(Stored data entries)
= = = = = = =

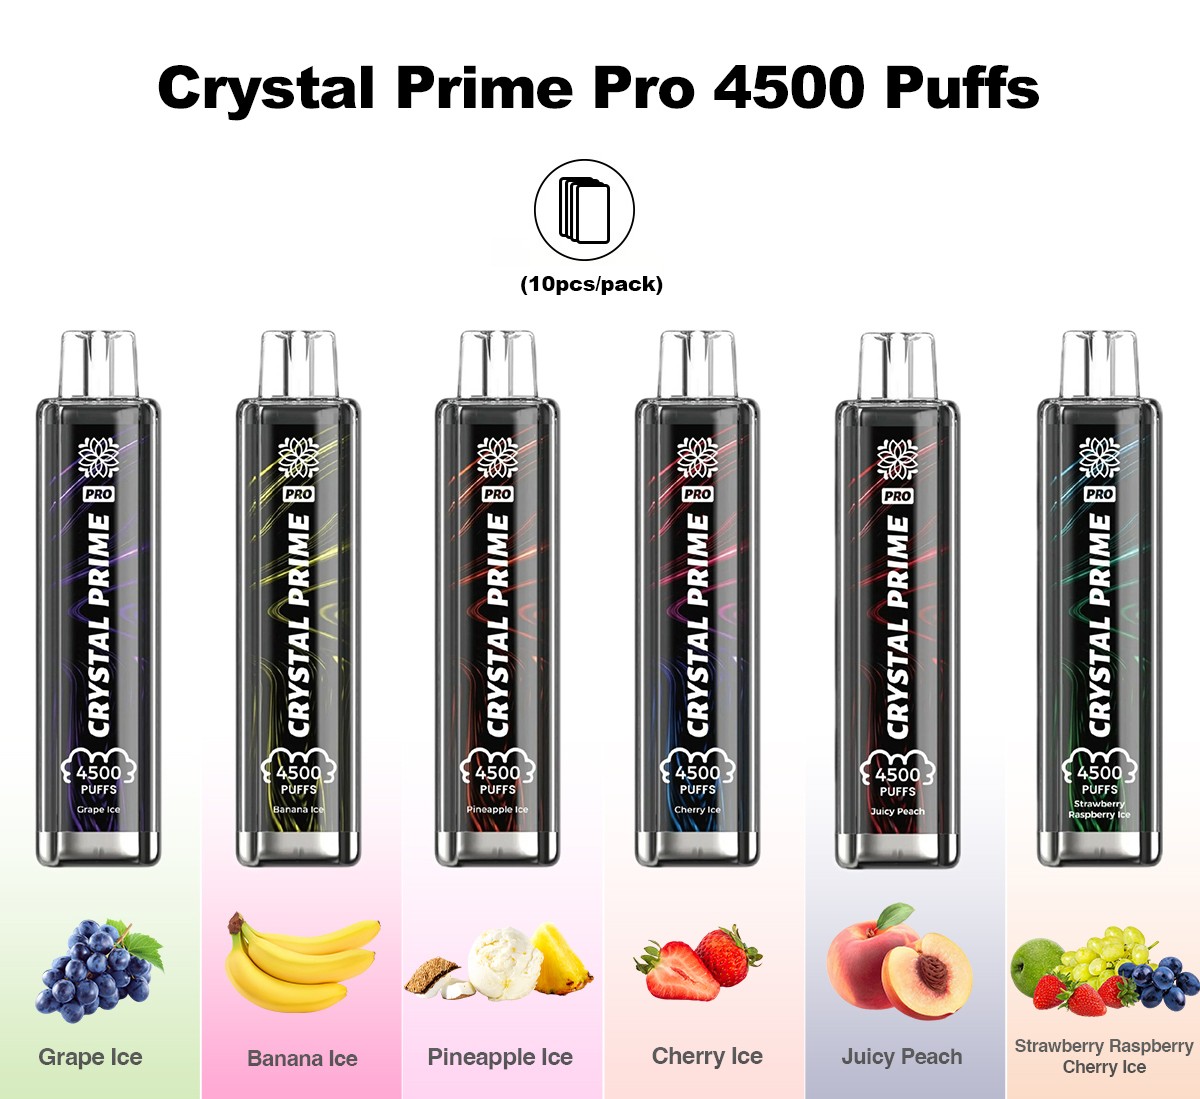 Crystal Prime Pro 4500 Puffs Disposable
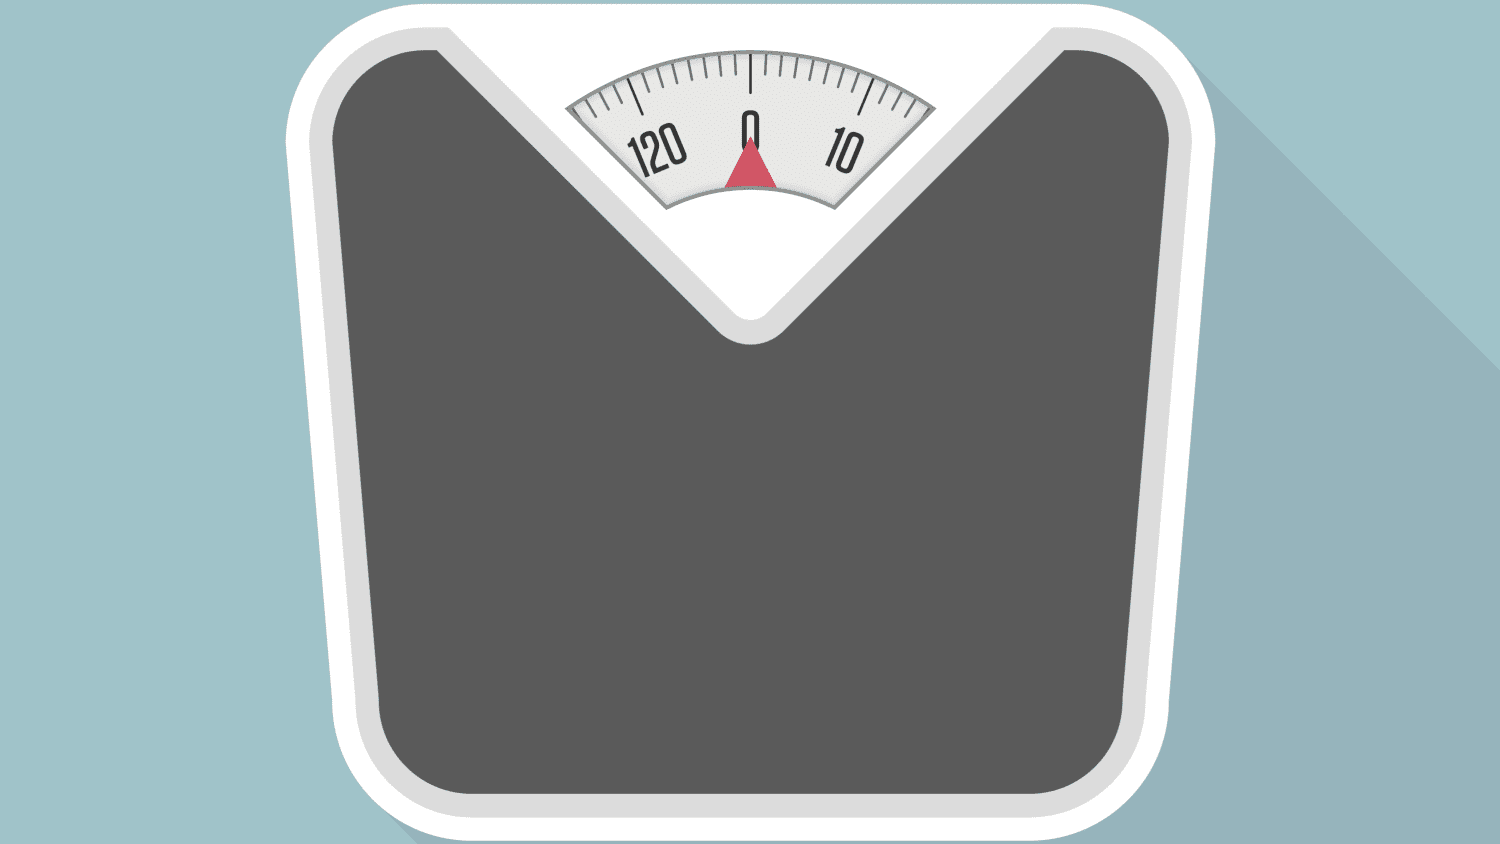 scale representing how BMI alone should not be used to predict health
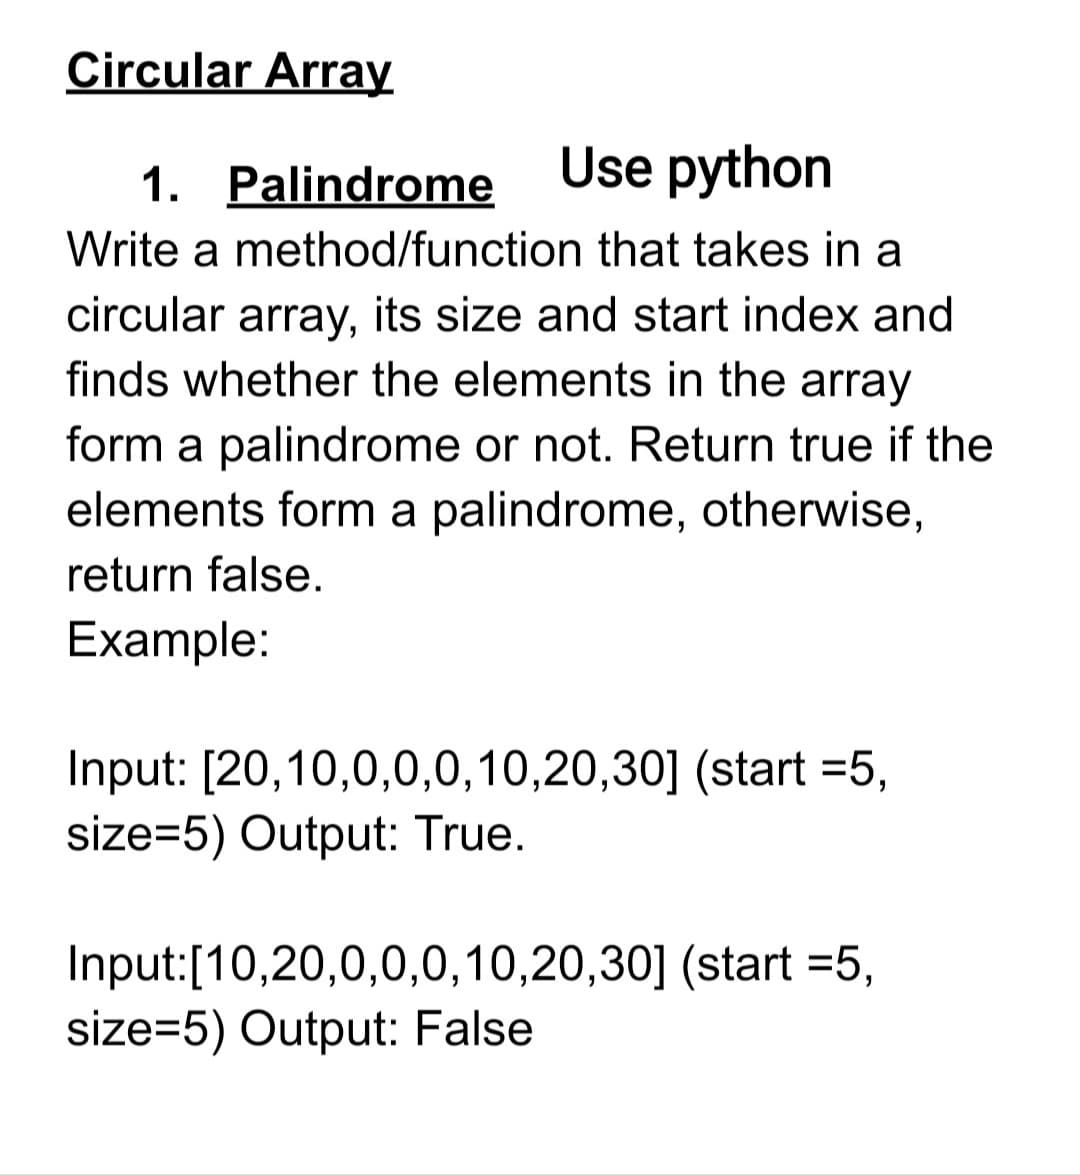 Circular Array
1. Palindrome
Use python
Write a method/function that takes in a
circular array, its size and start index and
finds whether the elements in the array
form a palindrome or not. Return true if the
elements form a palindrome, otherwise,
return false.
Example:
Input: [20,10,0,0,0,10,20,30] (start =5,
size=5) Output: True.
Input:[10,20,0,0,0,10,20,30] (start =5,
size=5) Output: False
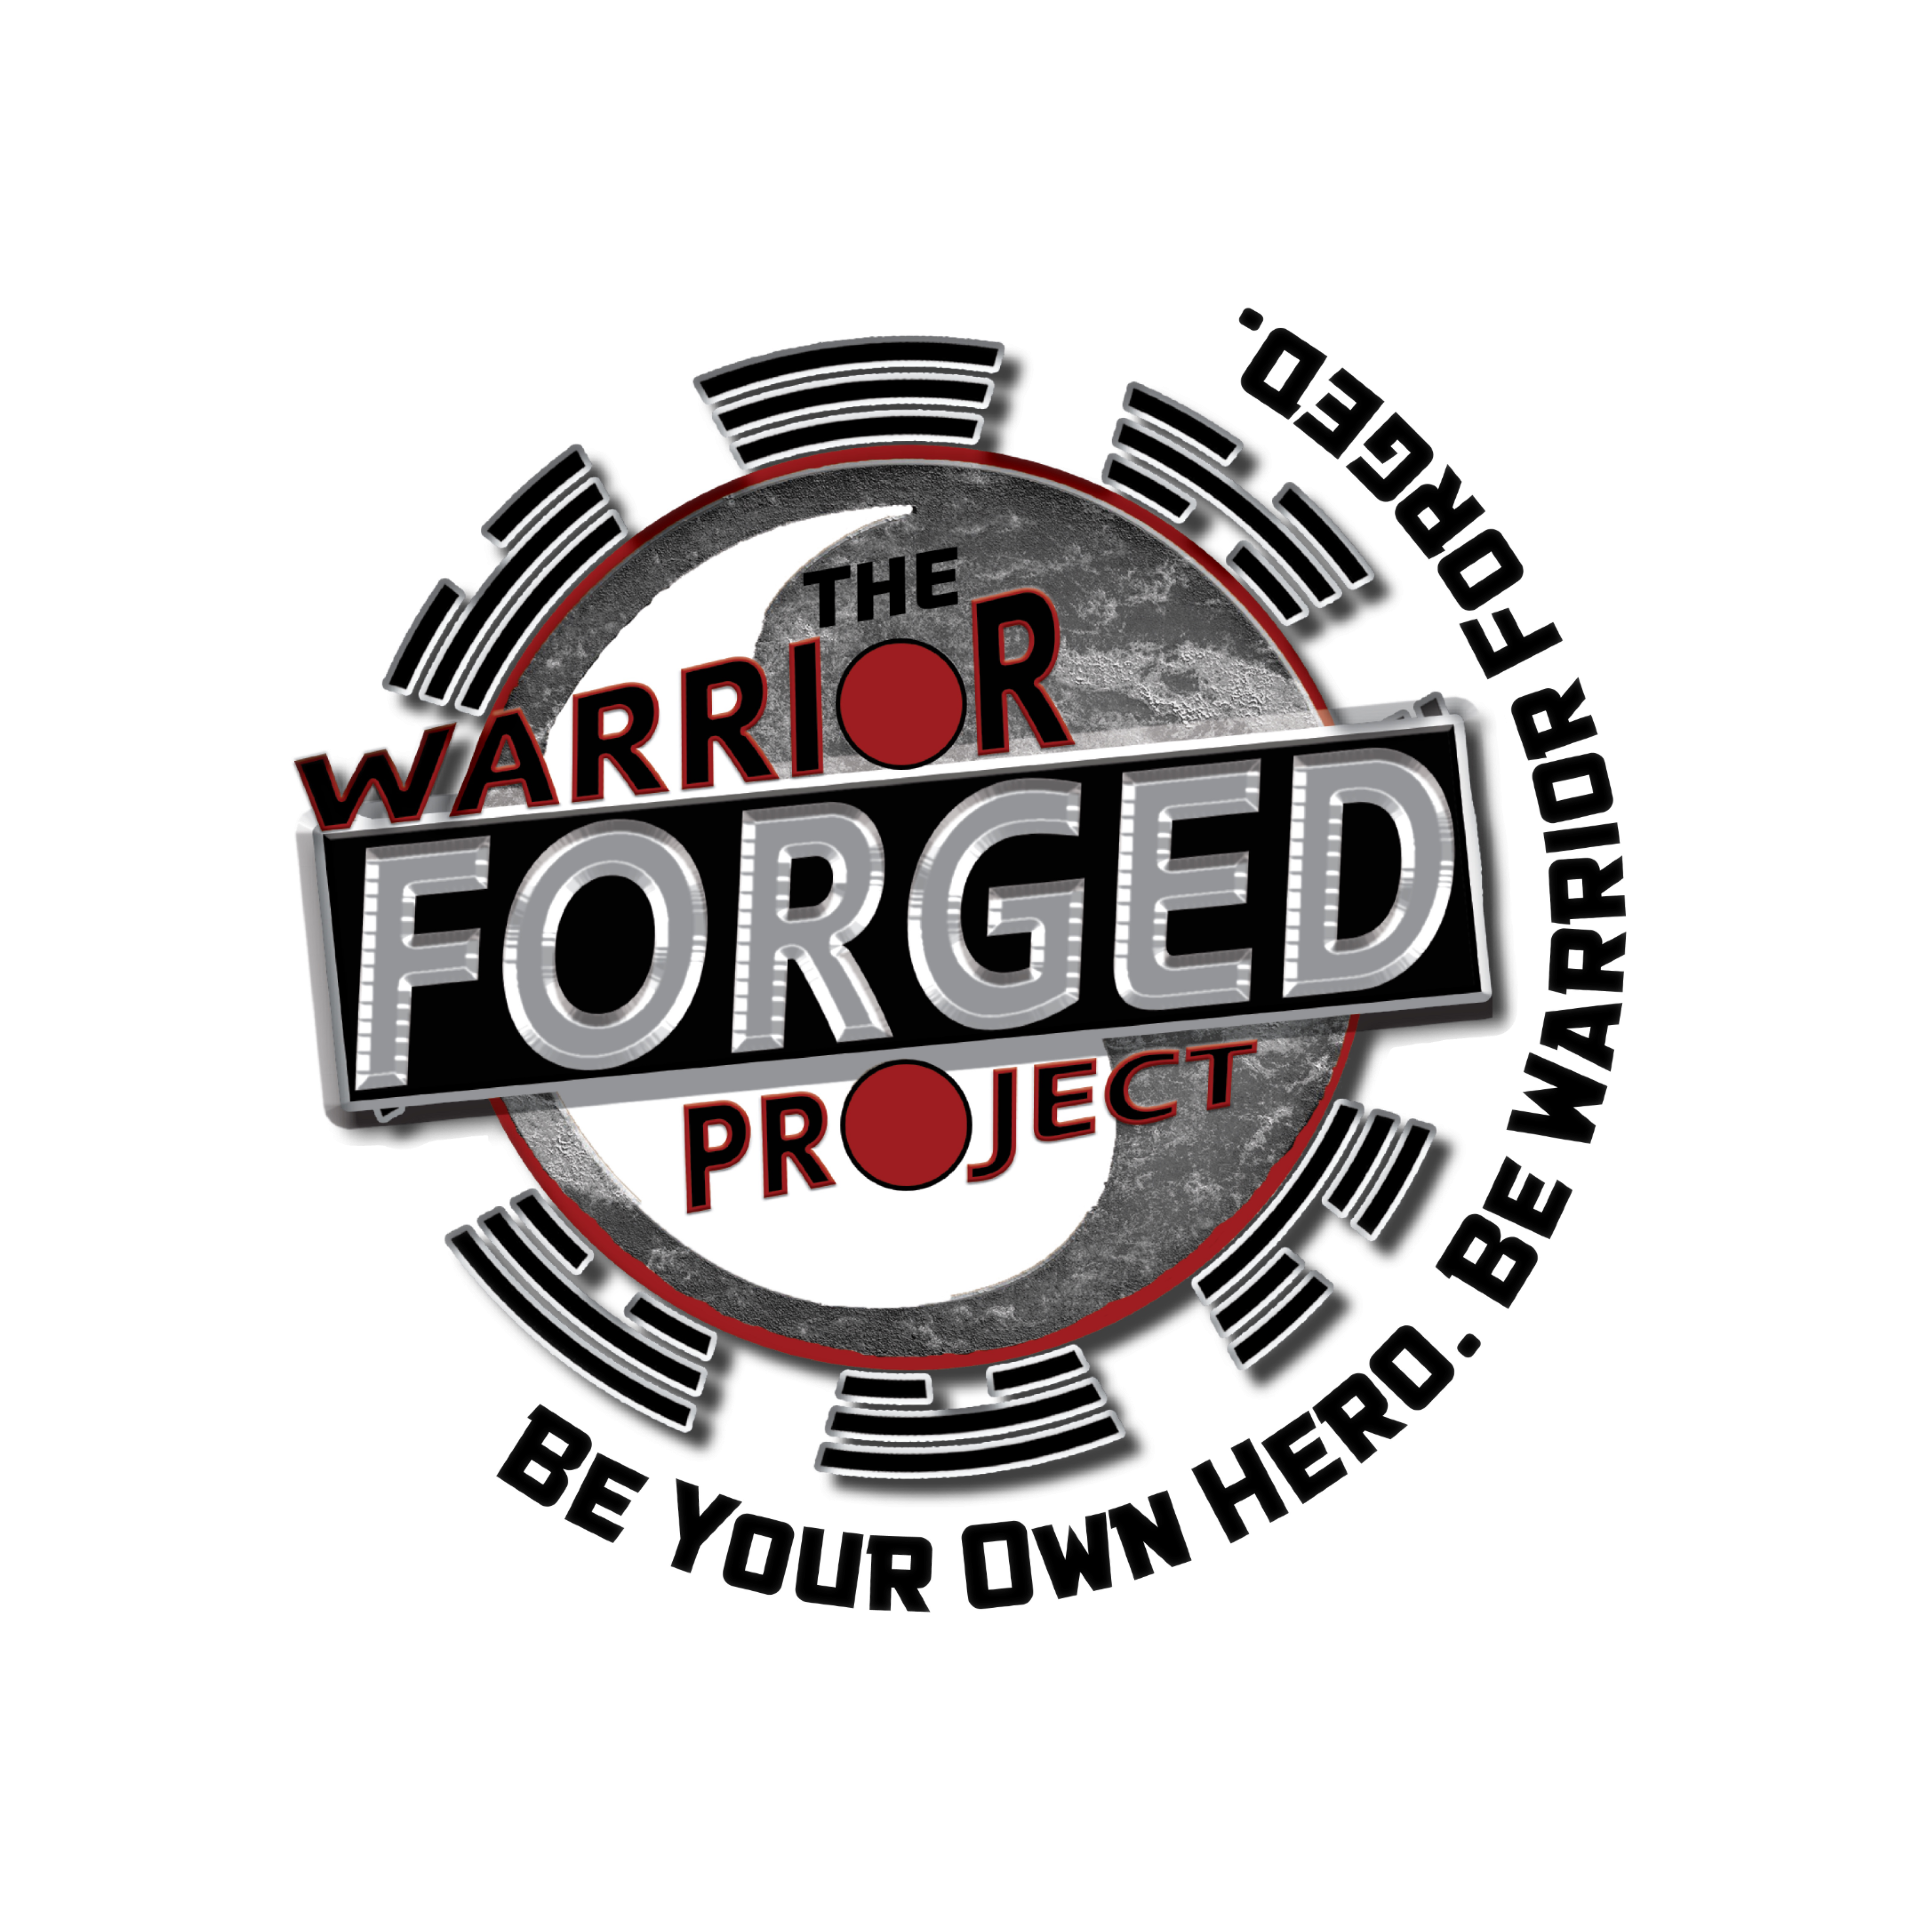 The Warrior Forged Project

= = = = = = =

• What the exercise asks:
Look over the records above and filter for each line with the word "elements".

• Result below:
finds whether the elements in the array
elements form a palindrome, otherwise,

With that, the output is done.